Pictures are not part of the copy. Set down exactly the lines from the one containing "The Legend of" through the last line of the material below.

• **SUPPLIED MATERIAL**
-- Opening Marker --
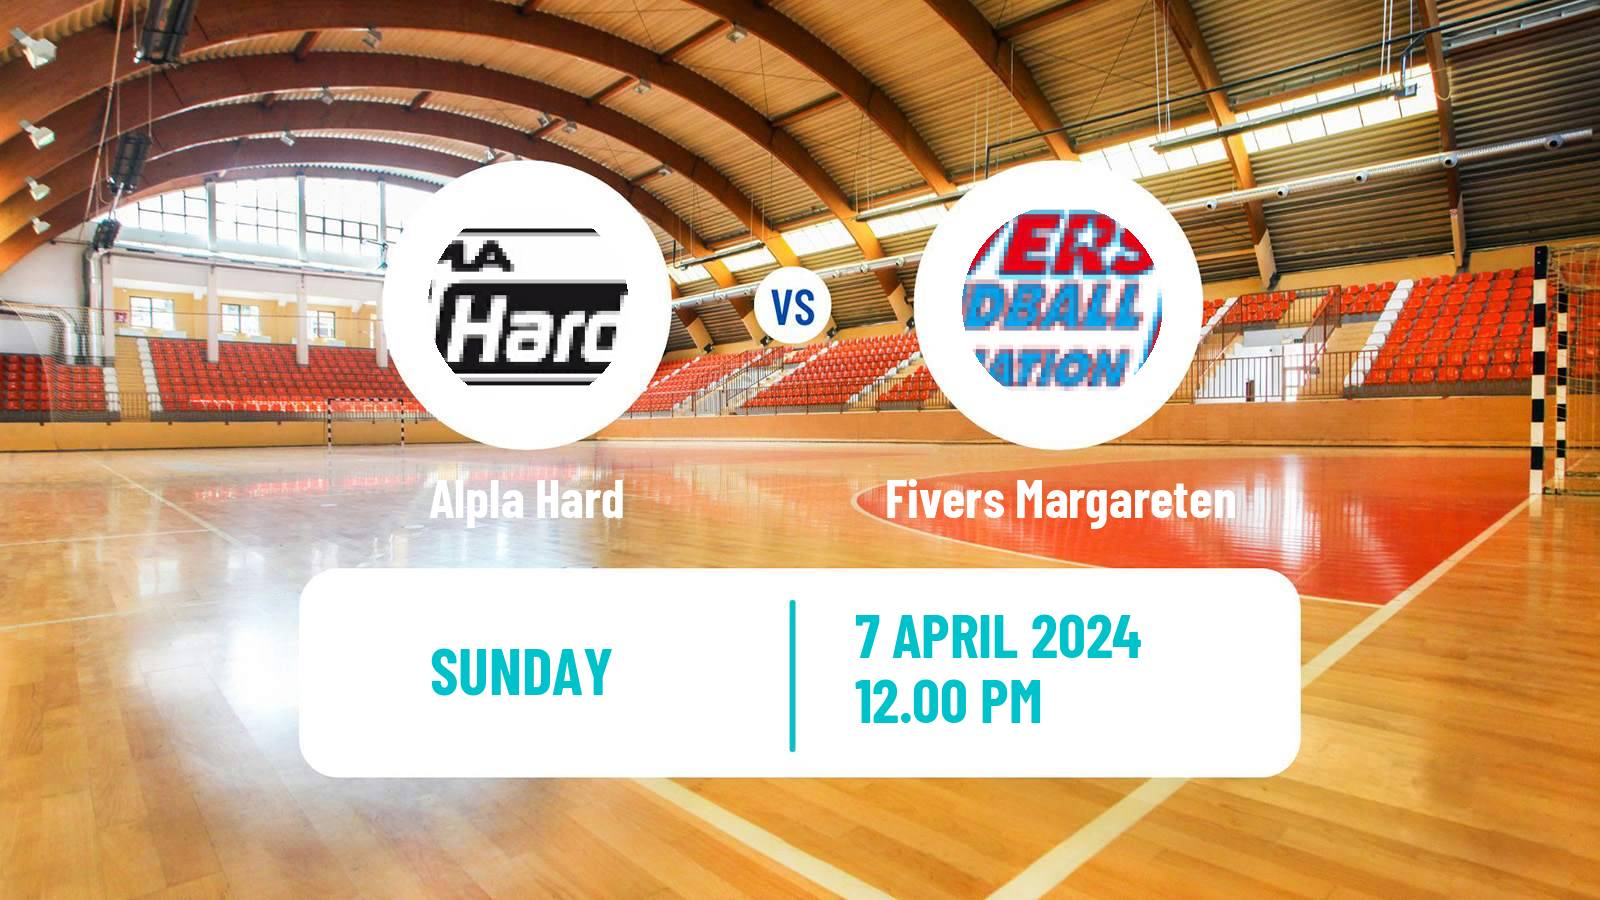 Handball Austrian NLA Handball Alpla Hard - Fivers Margareten
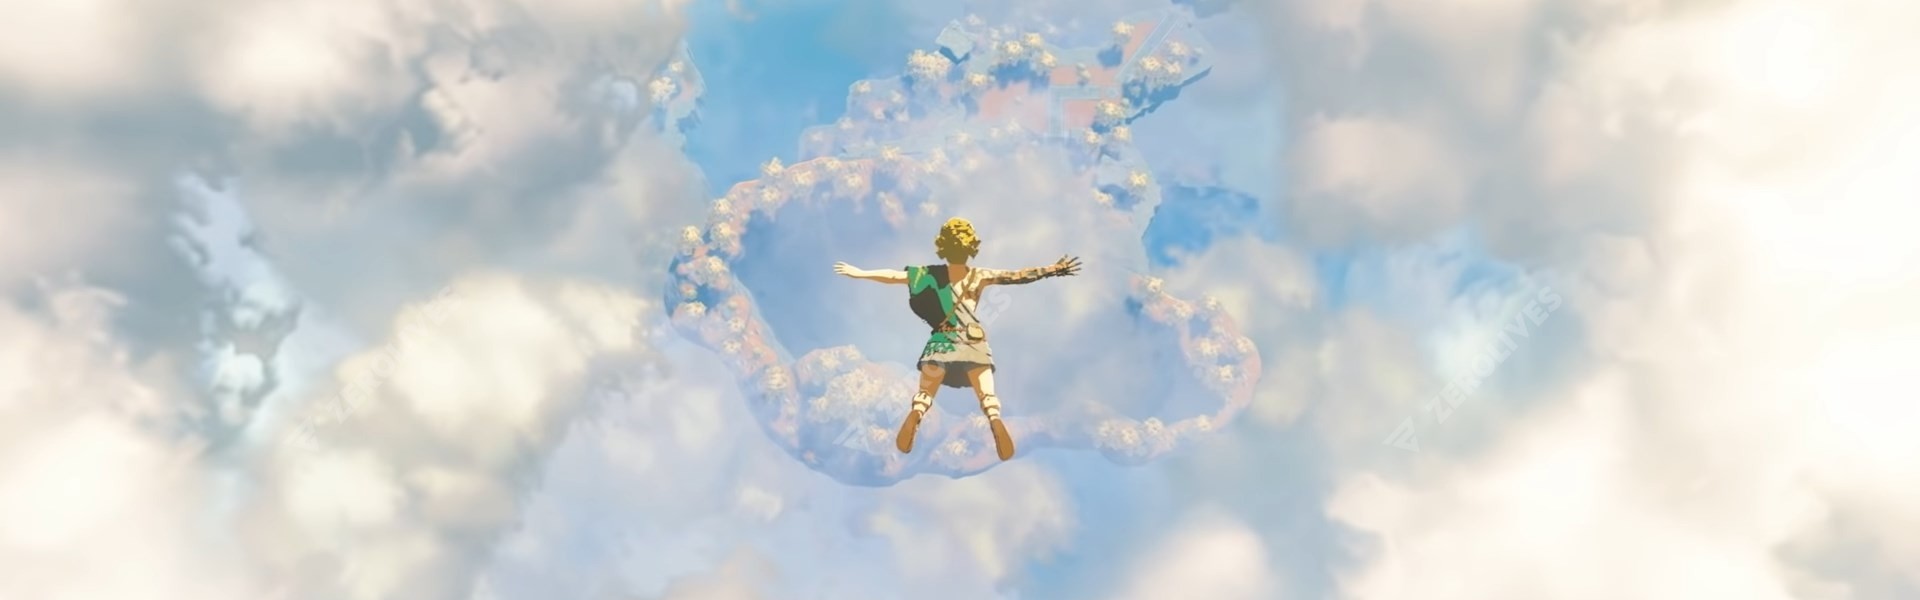 The Legend of Zelda: Breath of the Wild sequel
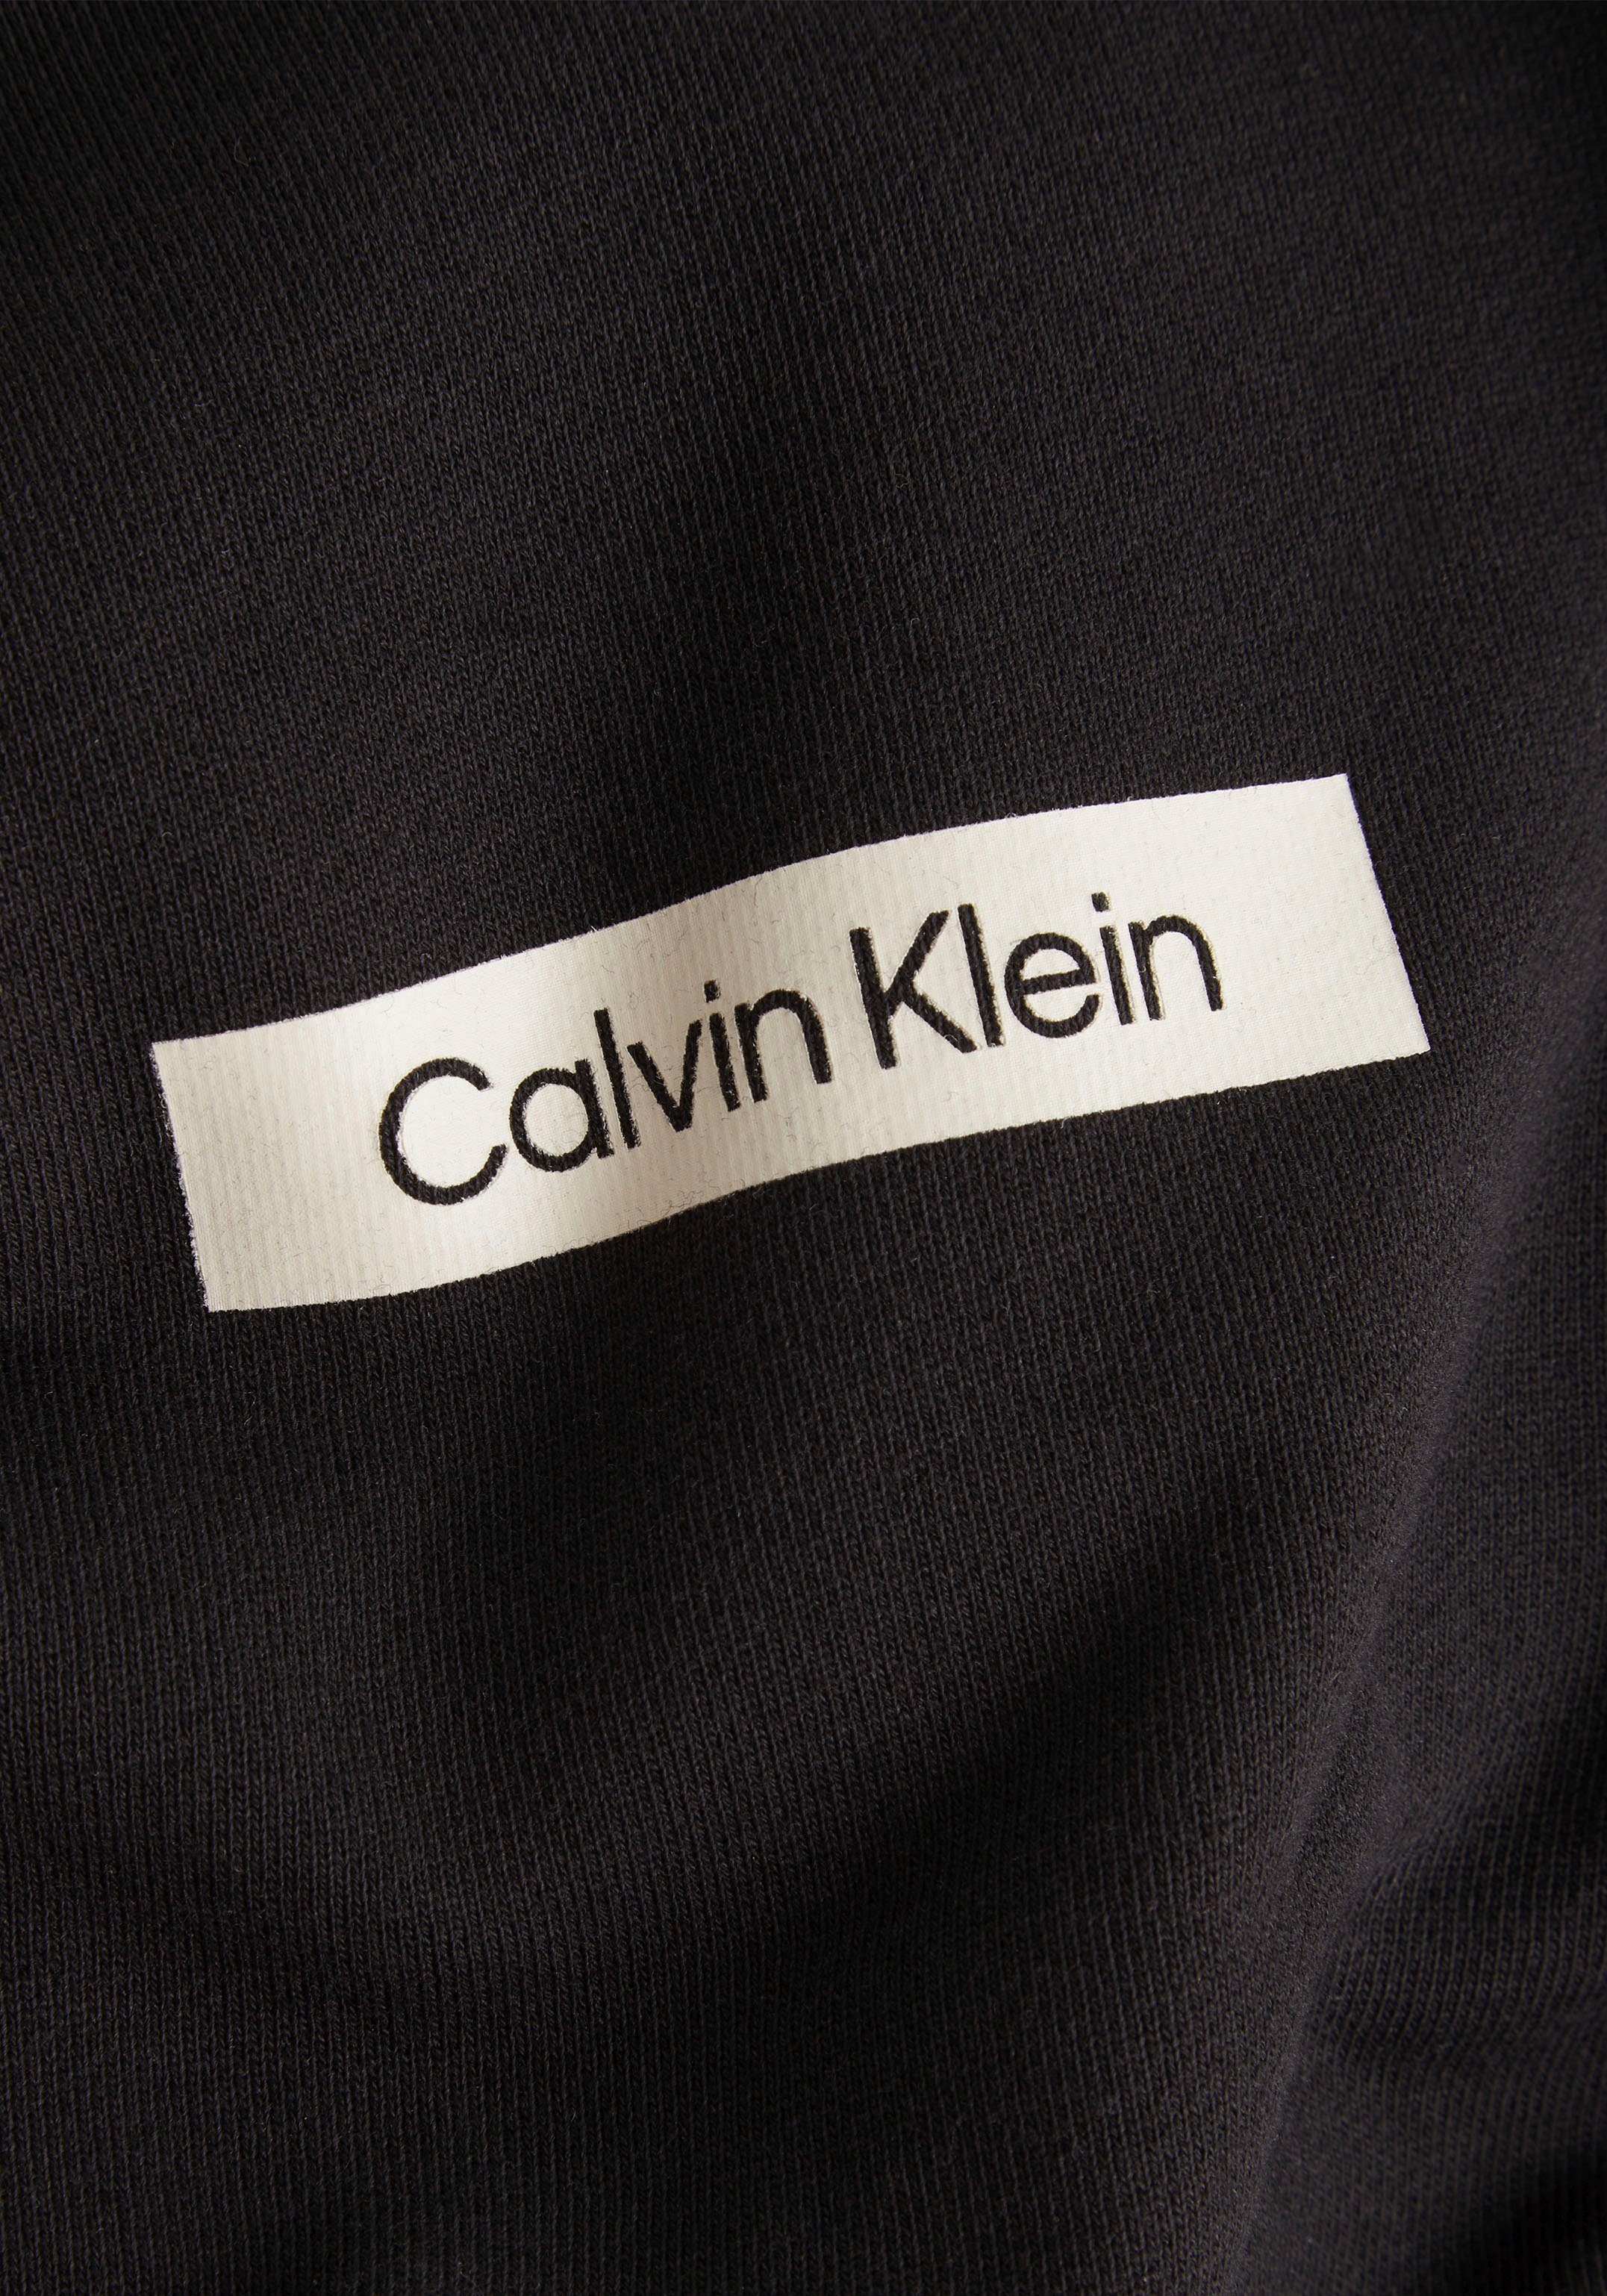 mit großem Calvin Rücken Kapuzensweatshirt schwarz Klein dem auf CK-Schriftzug
-- Closing Marker --
• **THE COMPLETED TASK**
 The Legend of Zelda: Breath of the Wild sequel
 mit großem Calvin Rücken Kapuzensweatshirt schwarz Klein dem auf CK-Schriftzug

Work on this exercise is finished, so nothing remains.